> **TASK INSTRUCTIONS**:
Retype each line of the material below word for word; pictures stay out.

> **PROVIDED MATERIAL**:
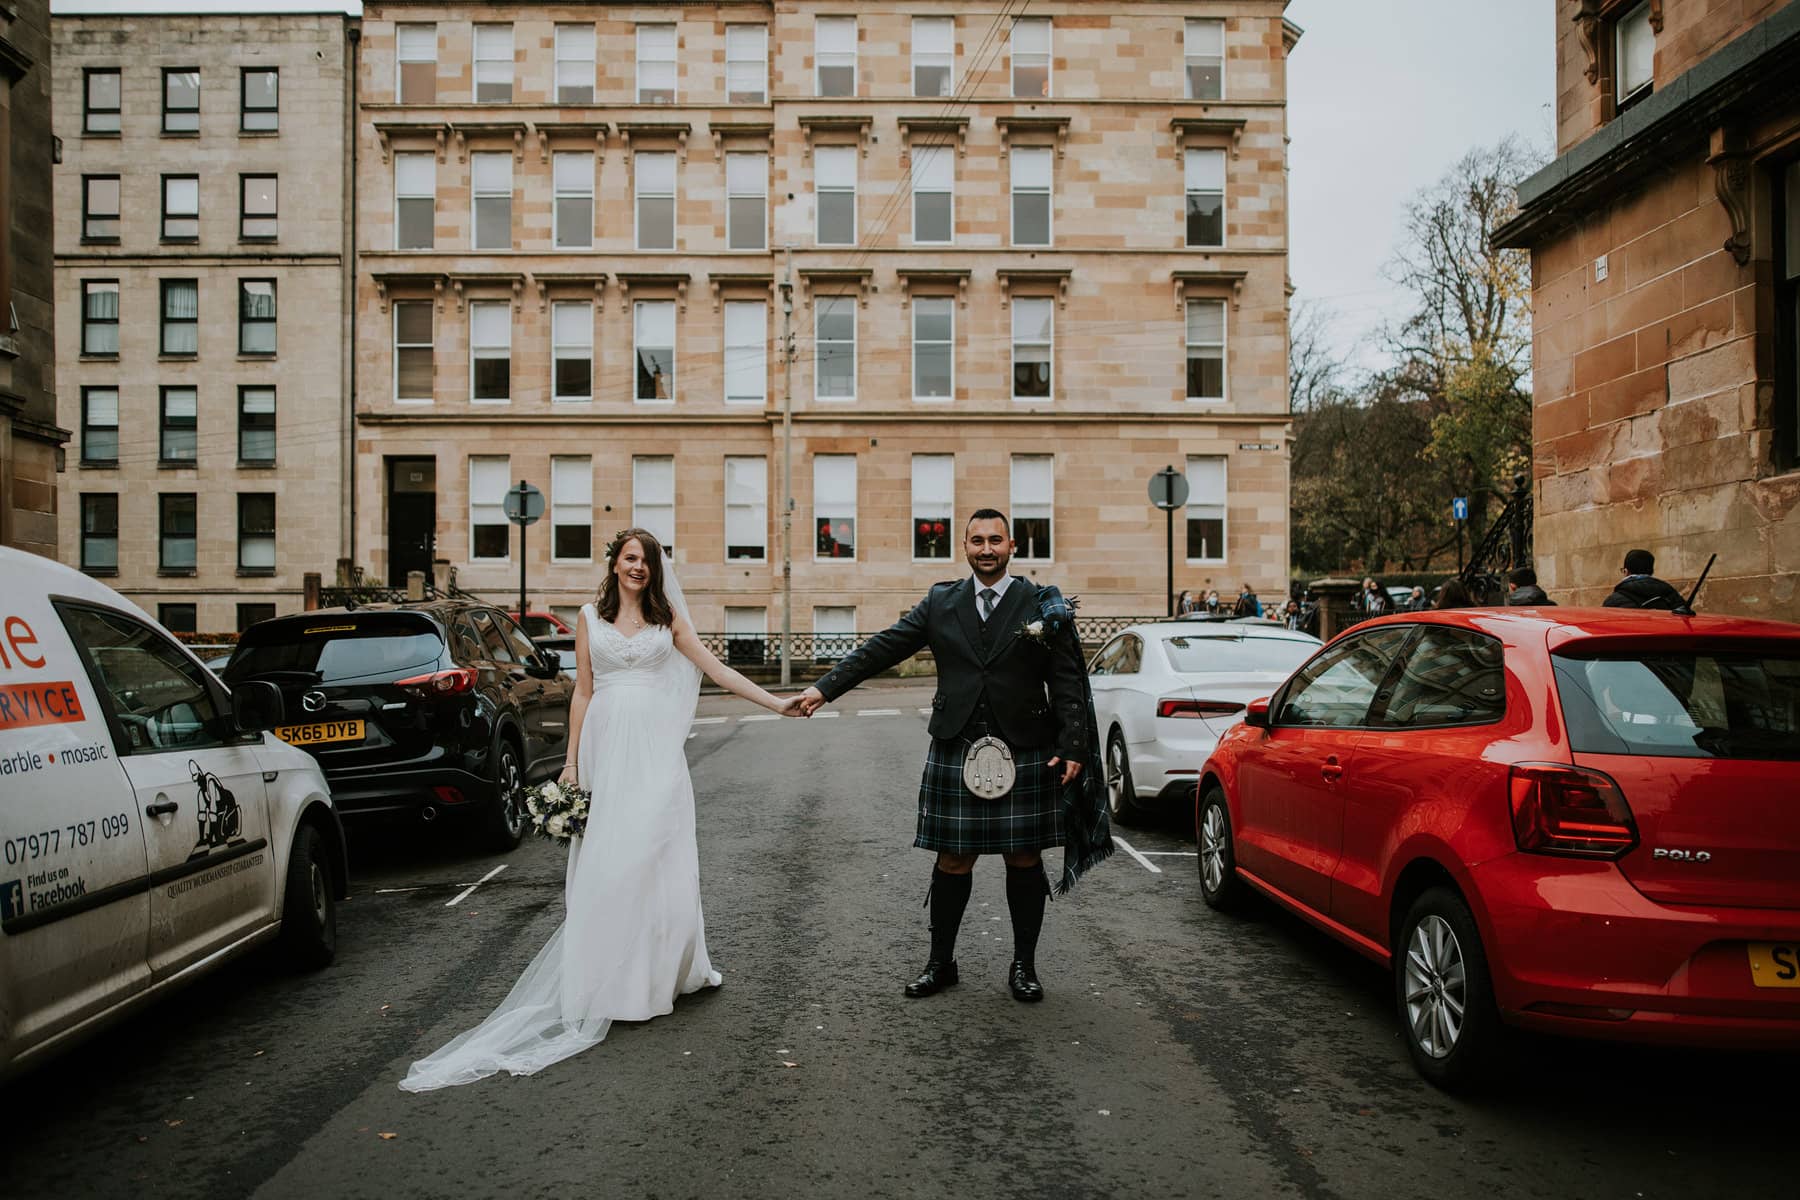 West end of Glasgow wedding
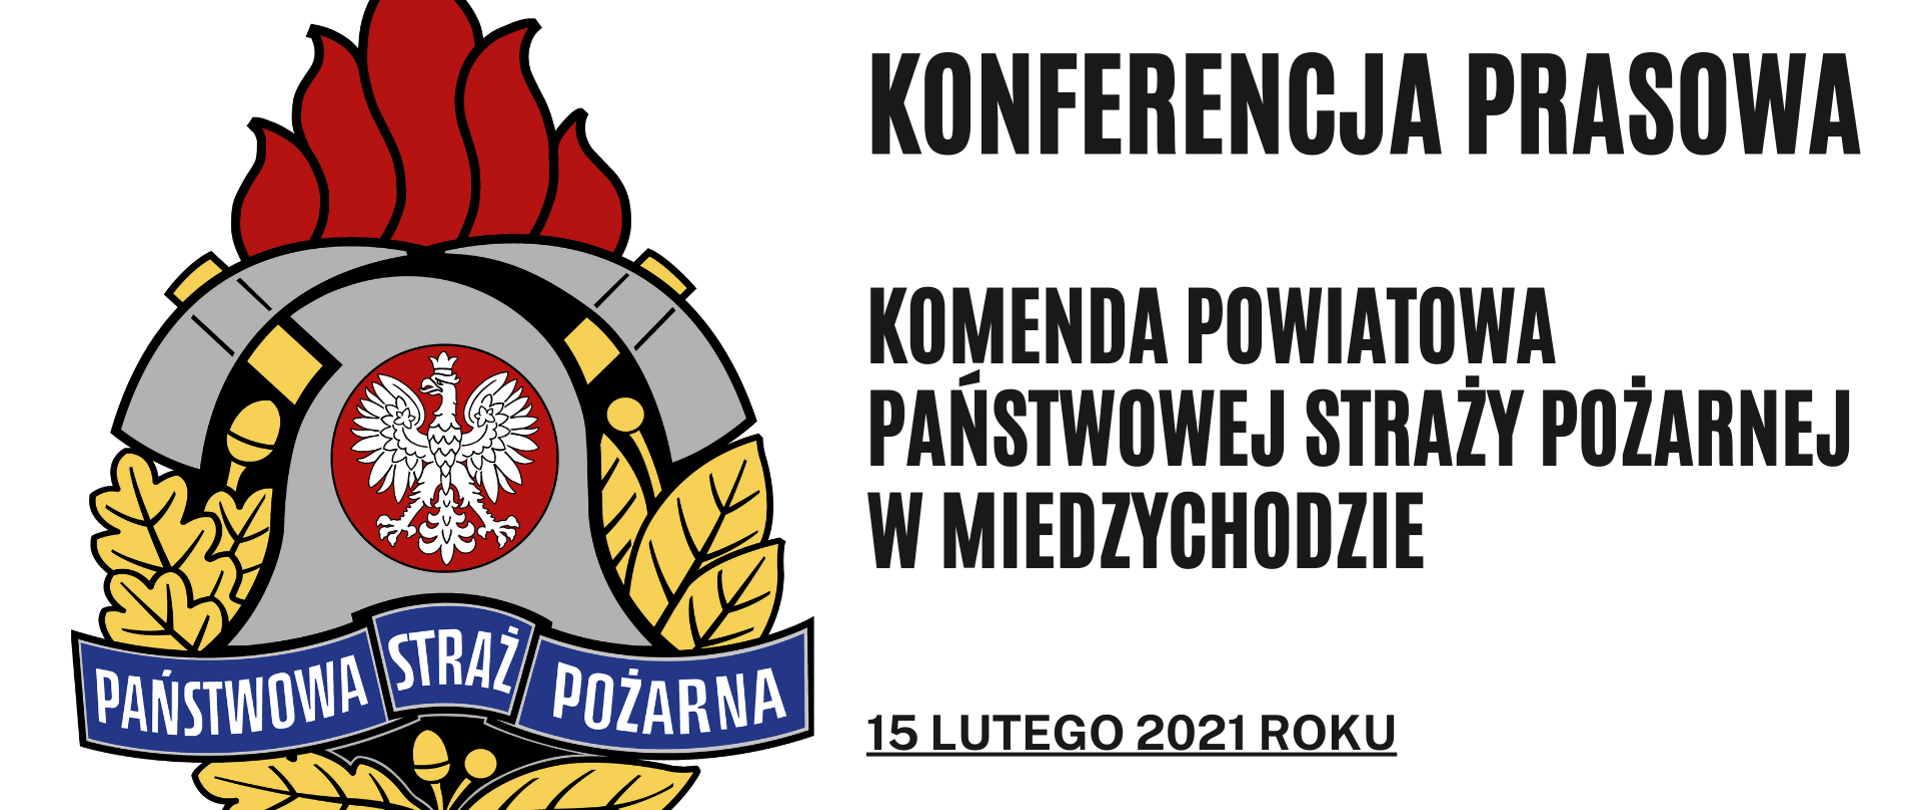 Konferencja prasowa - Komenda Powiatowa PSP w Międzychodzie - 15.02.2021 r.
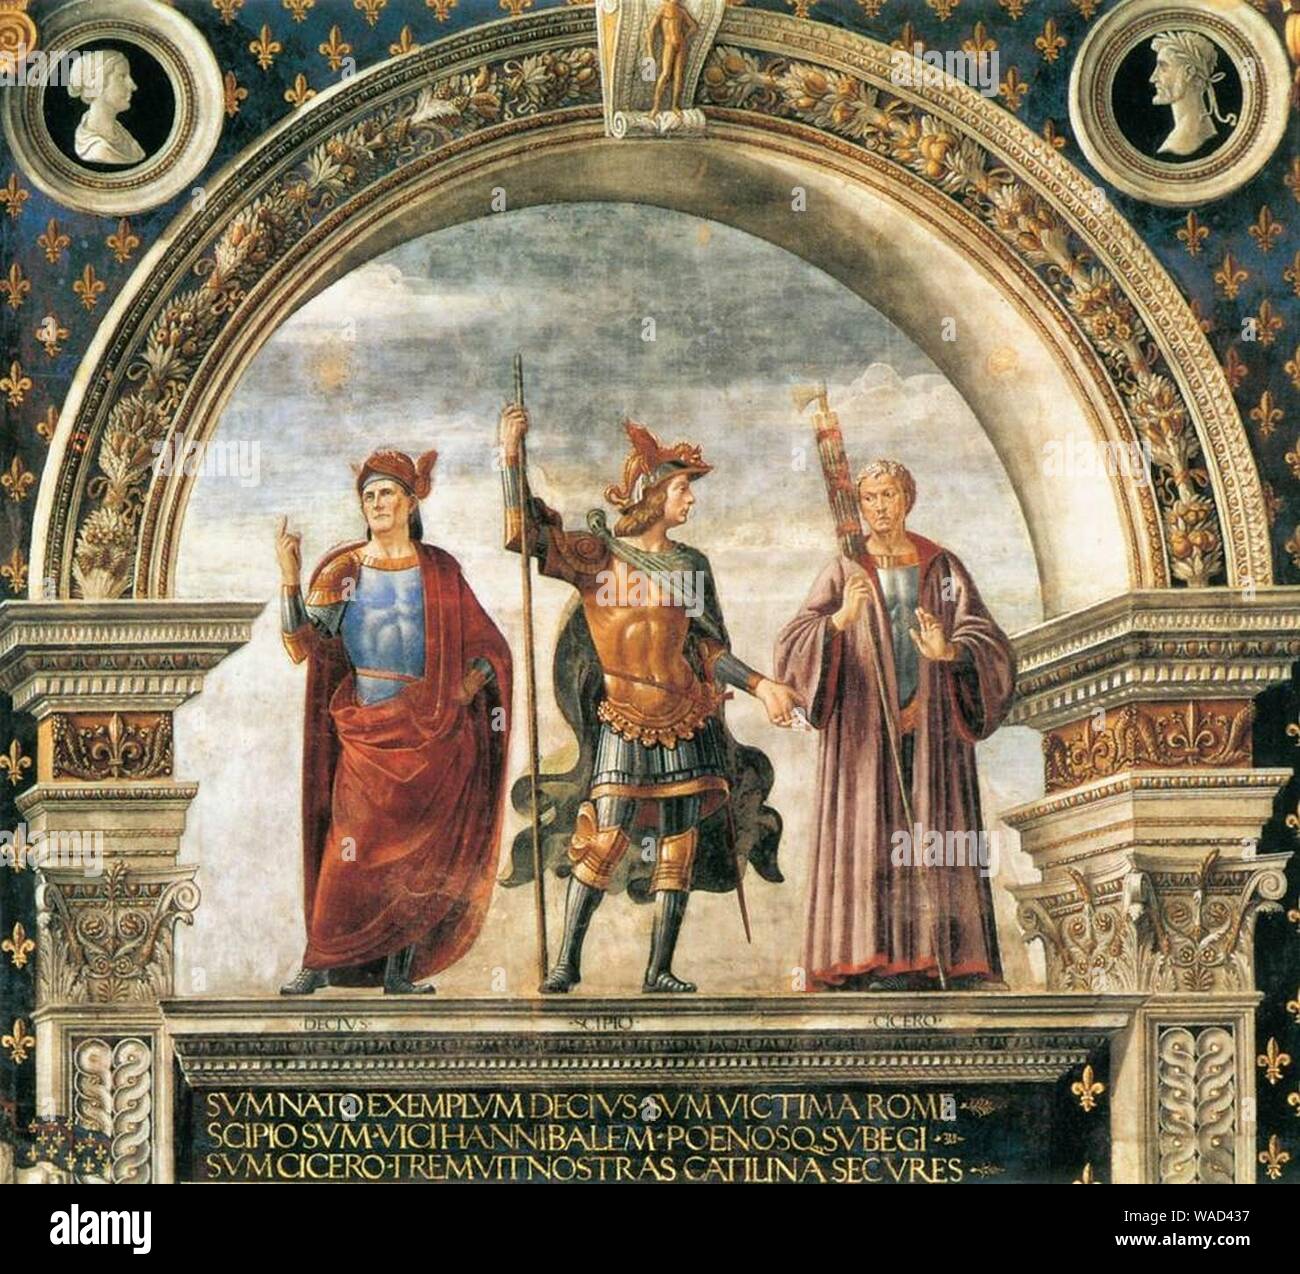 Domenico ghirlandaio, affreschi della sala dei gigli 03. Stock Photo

> **RESULT FOR THIS TASK**:
 West end of Glasgow wedding
 Konferencja prasowa - Komenda Powiatowa PSP w Międzychodzie - 15.02.2021 r.
 Domenico ghirlandaio, affreschi della sala dei gigli 03. Stock Photo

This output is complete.